Great. Another war coming. That’s what some are predicting as a logical conclusion of President Donald J. Trump playing hide-and-seek with bits and pieces of Iranian Gen. Qassem Soleimani.
Do I care that Soleimani is dead? Only when I think about his sad grandkids. Other than that, no, I don’t. But we all know from high school history that things like this can lead to wider horribleness.
Nothing snowballs out of control quite like countries beating their chests about national honor. One country’s leader forgets to flush the toilet while visiting the palace of another country’s leader and, within minutes, thousands of young men are being machine-gunned in a part of the world no one would go to on purpose.
Global conflicts always seem to start out small and rapidly engulf the entire planet — except for Switzerland — in blood.
What’s most worrisome to me isn’t that there will be another war — because there always is — but rather that the U.S. will once again force young people to fight in it by drafting them into the school of murderously hard knocks and explosions.
Short of “I’m pregnant,” the scariest phrase for a young high school senior boy to hear in my day was “the draft.” When I finally got my draft number (15), I responded the way most did at the time: “Bullsh--! I’m going to Canada.”
The Old Man — who was in the Army at the time — told me I was staying put. If I was called up, I would go and do my best not to embarrass him or America — in that order.
Me • “What if I get killed?”
Him • “Then you’ll be dead. And that will hurt your mother and me more than it hurt you.”
I wasn’t even high and that actually made a certain amount of sense. But I still didn’t want to go. I had plans for my life, most of them bad or of no account, some of them even illegal, which makes what happened next OK.

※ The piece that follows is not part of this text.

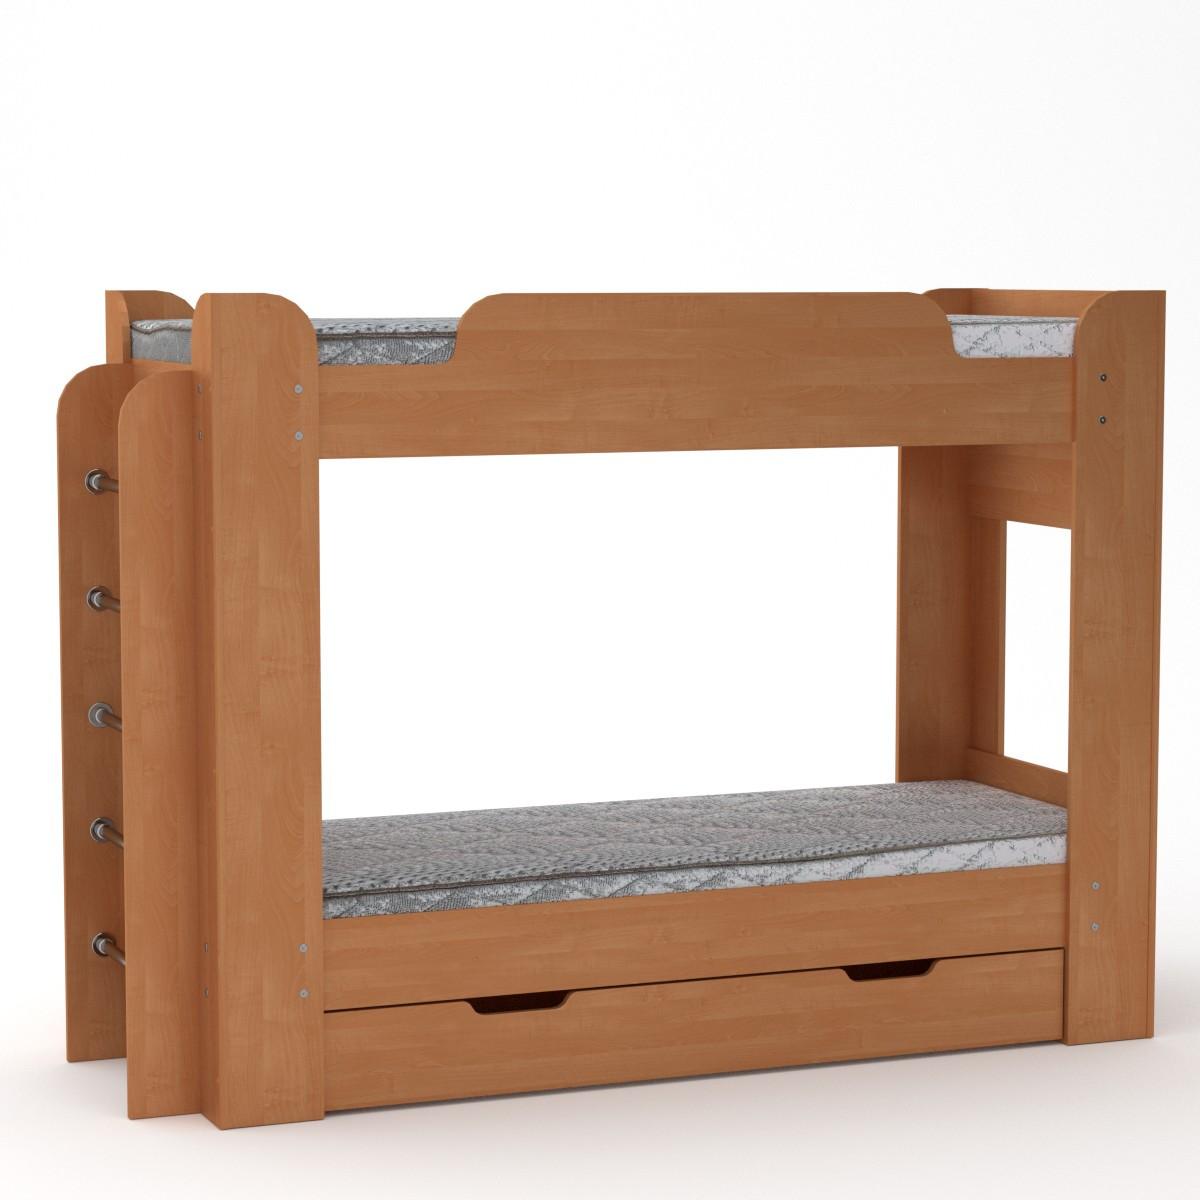 Кровать с матрасами двухъярусная Твикс ольха Компанит

My number came up and I went. The luck of fools was with me. I went straight into the reserves and got out before the next war, Desert Storm. And if I’m being honest, military regimen did me some good.

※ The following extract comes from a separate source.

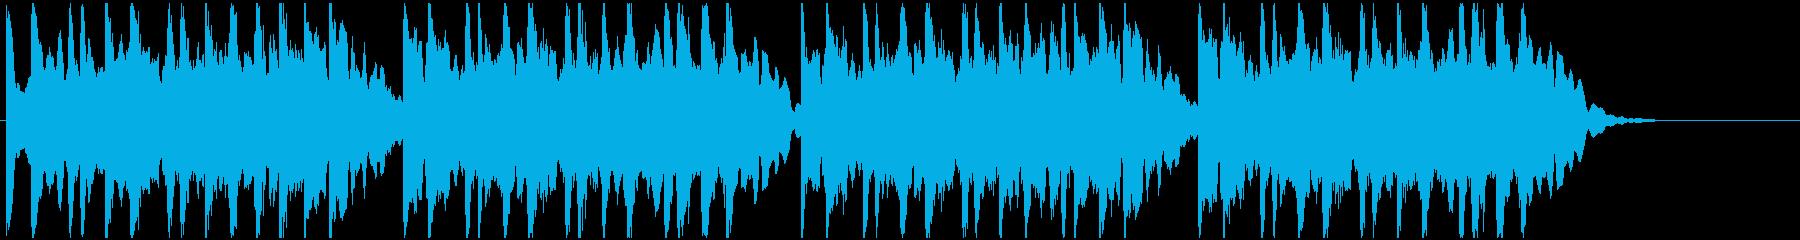 蛍の光のベルの再生済みの波形

That doesn’t make the idea of a military draft — unlikely as it is — OK today. Dragging me off against my will is one thing. Taking my grandsons is another.
I don’t want them being press-ganged into a war started by political thugs who should be forced to sort out their “national honor” inside a dark room filled with baseball bats.

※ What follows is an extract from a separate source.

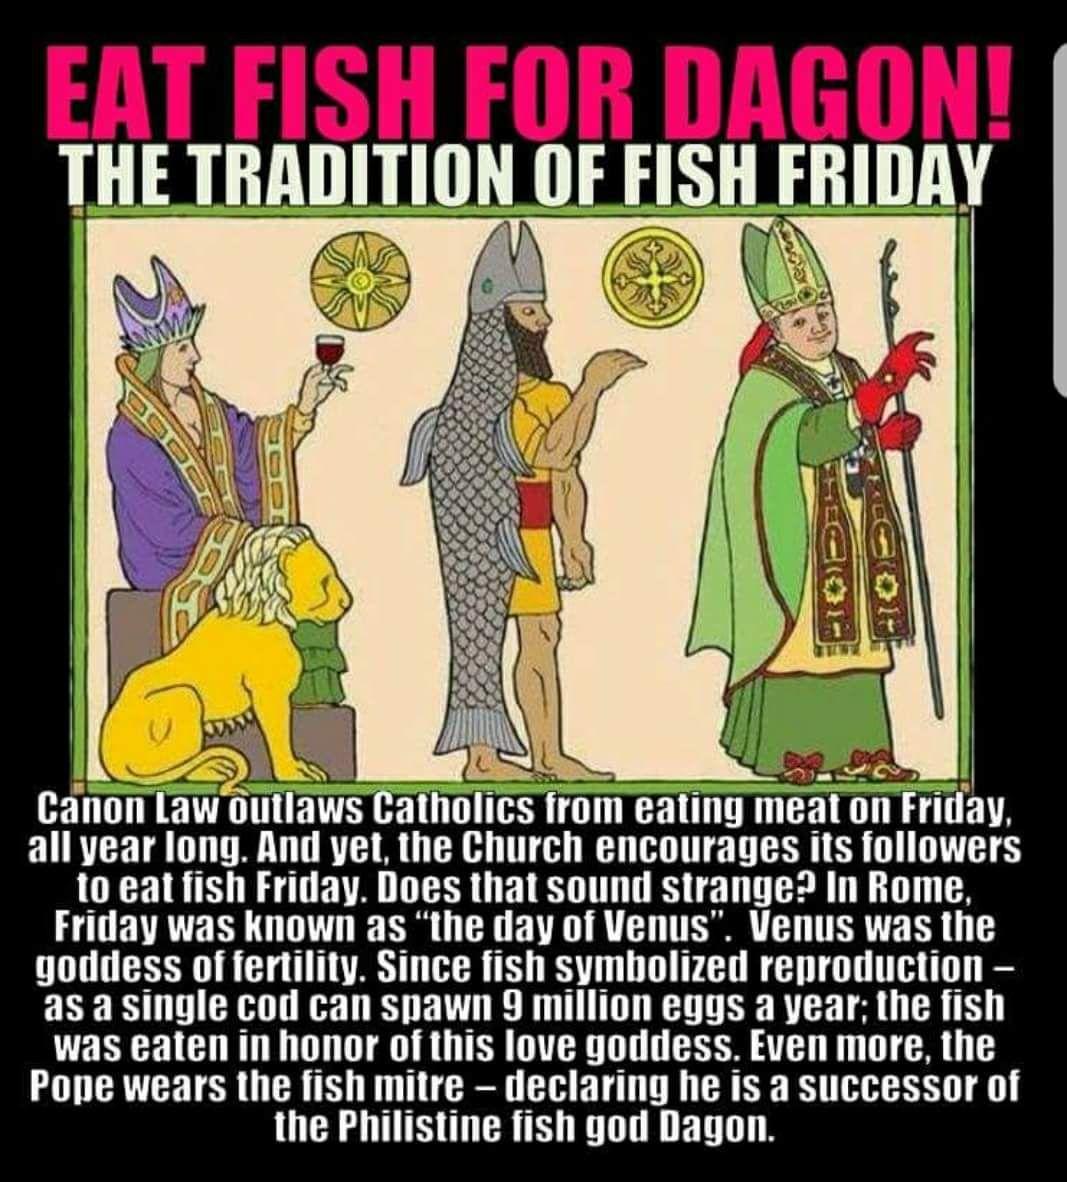 Illuminati satanic symbols images symbol and sign ideas upside down fish symbol image collections symbol and sign ideas satanic symbols revealed catholicism illuminated pinterest buycottarizona

What’s even scarier to me is that the military might come after my granddaughters. In this day of political correctness to the point of stupidity, that seems likely to come up.
If my granddaughters want to serve, that’s fine. Judging from the way they drive, they could easily fly a drone missile into the bottom of a terrorist.
Meh. I wouldn’t worry. America has the capacity to learn from its past mistakes. It doesn’t always but maybe it has about the draft.
Dragging me into it should have taught this country something. Idiots may start wars, but only smart people should be allowed to fight them.